On the whole I agree that the concern over data centers in terms of water (and electricity) usage is overblown to an extent, but I think we do need to pay closer attention to the points that actually matter when looking at the situation.
shepherdjerred•1h ago
This article feels a bit biased and I would love to see HN's take.
alterom•42m ago
The AI water usage is a real problem because AI datacenters are effectively unregulated.
Yes, a car factory would be expected to use water, which is why we have environmental regulations in place.
"Lagging behind in AI" is treated as a national emergency which warrants forgetting about regulations.
This isn't some sort of quirk or accident; it's very much created by people writing headlines lie "The AI water issue is fake".
The following are symptomatic and typical:
- 800 data center approved in spite of vehement protests of the locals [1]
- Data center blatantly violates water regulations. When it comes to light, administration refuses to do anything about it [2]
- Data center gets constructed in historically disadvantaged / redlined areas disproportionately and adversely affecting Black people. Air quality drops.
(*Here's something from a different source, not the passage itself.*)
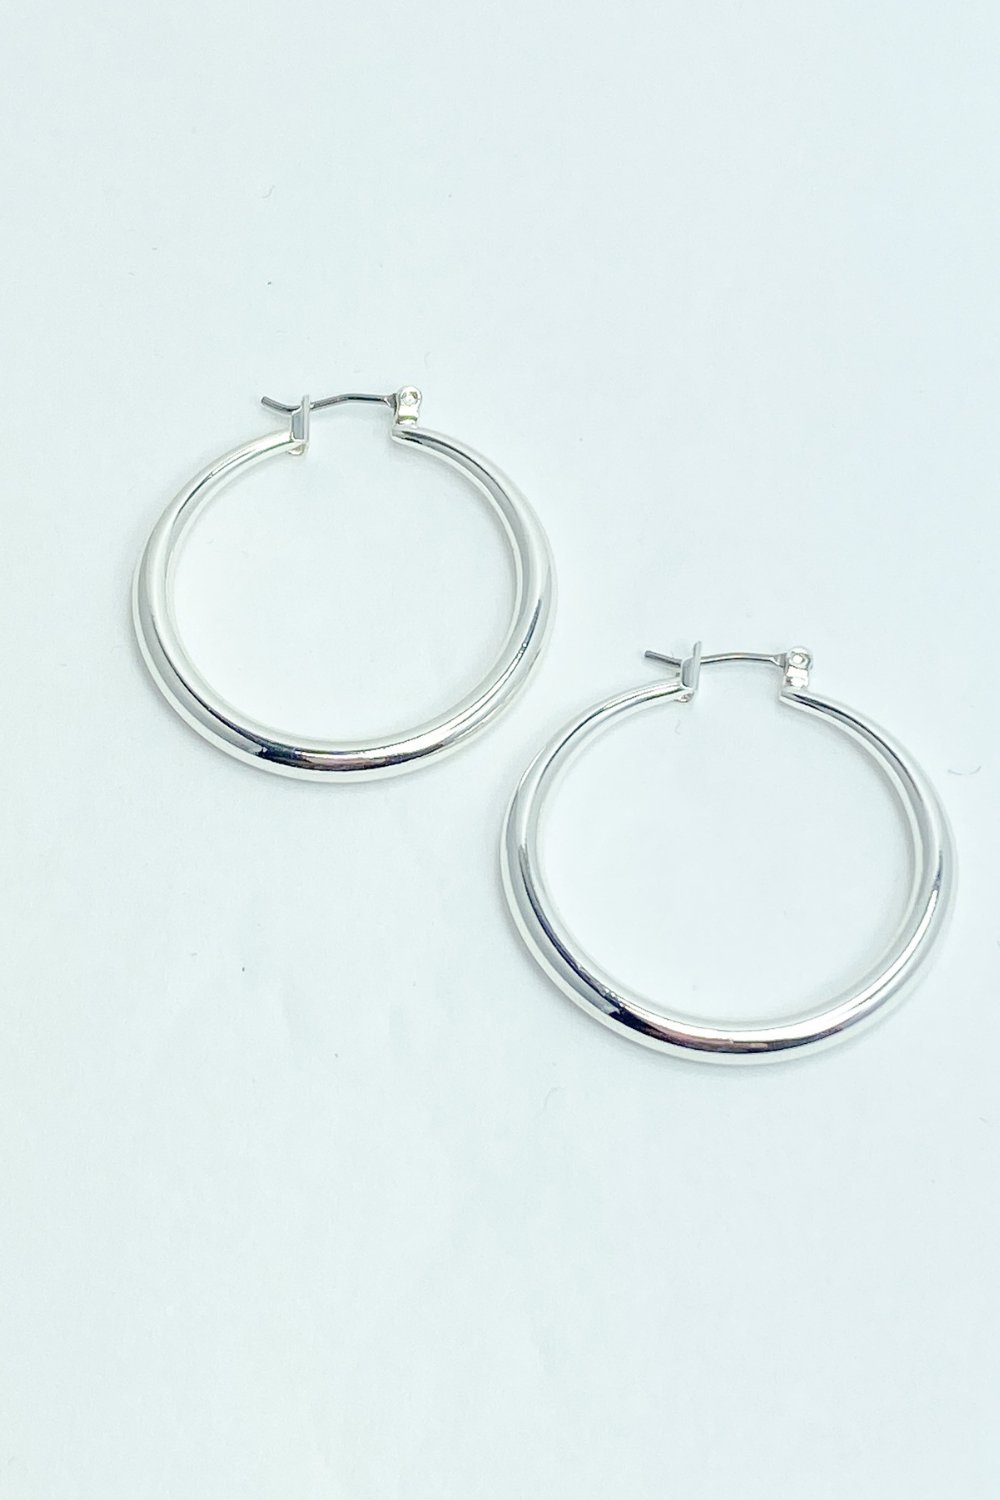 Small Round Silver Hoop Earrings - Lucy Doo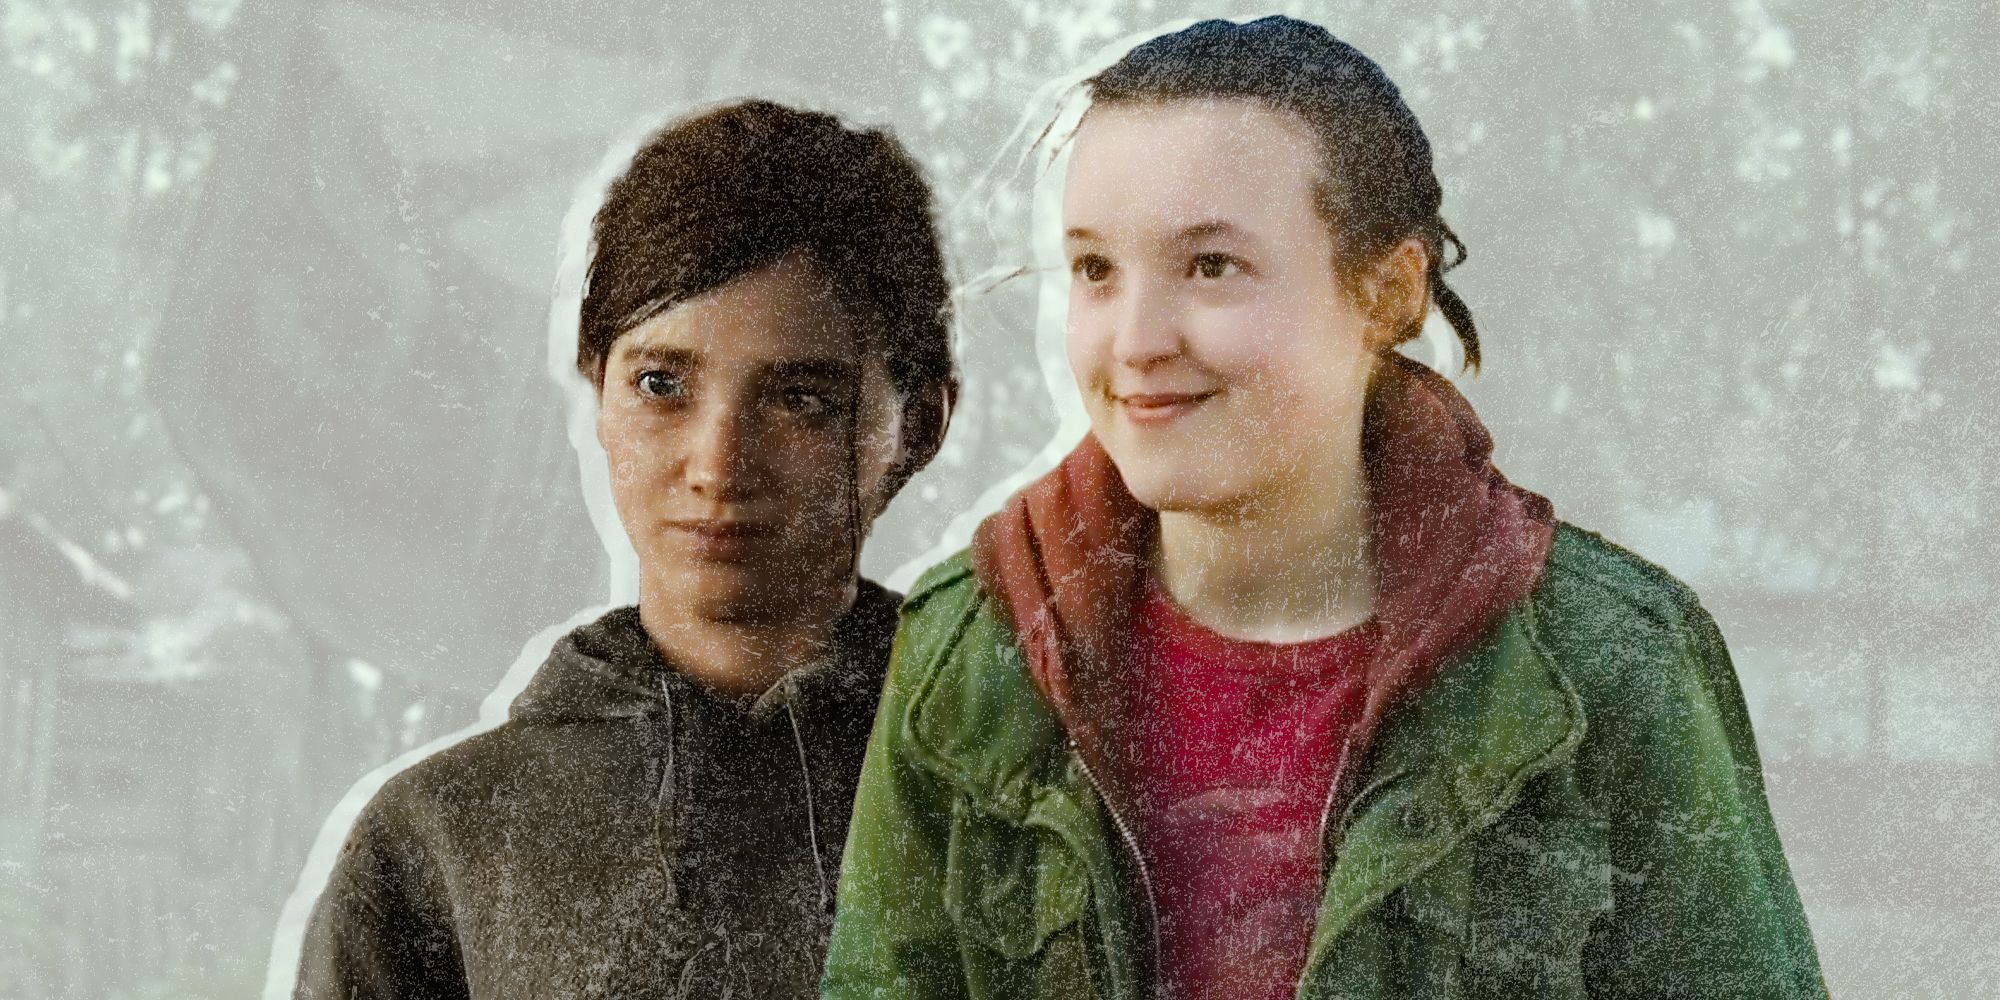 The Last Of Us Doesn't Need To Recast Bella Ramsey

Nothing is done about it [3]
The AI water issue is indeed a red herring, because it is a part of a larger issue of the AI industry having free reign over anything that's deemed necessary for its existence.
The impact on people's lives and health is real. To say that the issue is "fake" is disingenuous at best, disinformation at worst.
[1] https://www.yahoo.com/news/articles/800-acre-data-center-app...
[2] https://www.tomshardware.com/tech-industry/georgia-data-cent...
[3] https://islandpress.medium.com/data-centers-threaten-black-c...
cess11•38m ago
The author is financed by some 'effective altruism' cultists operating a supposedly philantropic fund.
For a less partisan article on the same topic, this one might be worthwhile to you:
https://www.lincolninst.edu/publications/land-lines-magazine...
The problems with 'data centers for AI' don't stop at water consumption, which is absolutely a real risk in some cases due to the relevant corporations having a knack for finding areas with really small or stressed aquifers and building there.
It's also somewhat common to skirt or just straight up abuse legal protections against corporate tyranny, e.g. by running noisy or polluting turbines.
Then the idea itself to eradicate the Internet and put everyone behind a SaaS database intermediary should be quite unpalatable to any sane and freedom loving person. Especially since these databases obviously make quite a lot of people insane or otherwise mentally disabled, including prominent figures in the movement to push this through.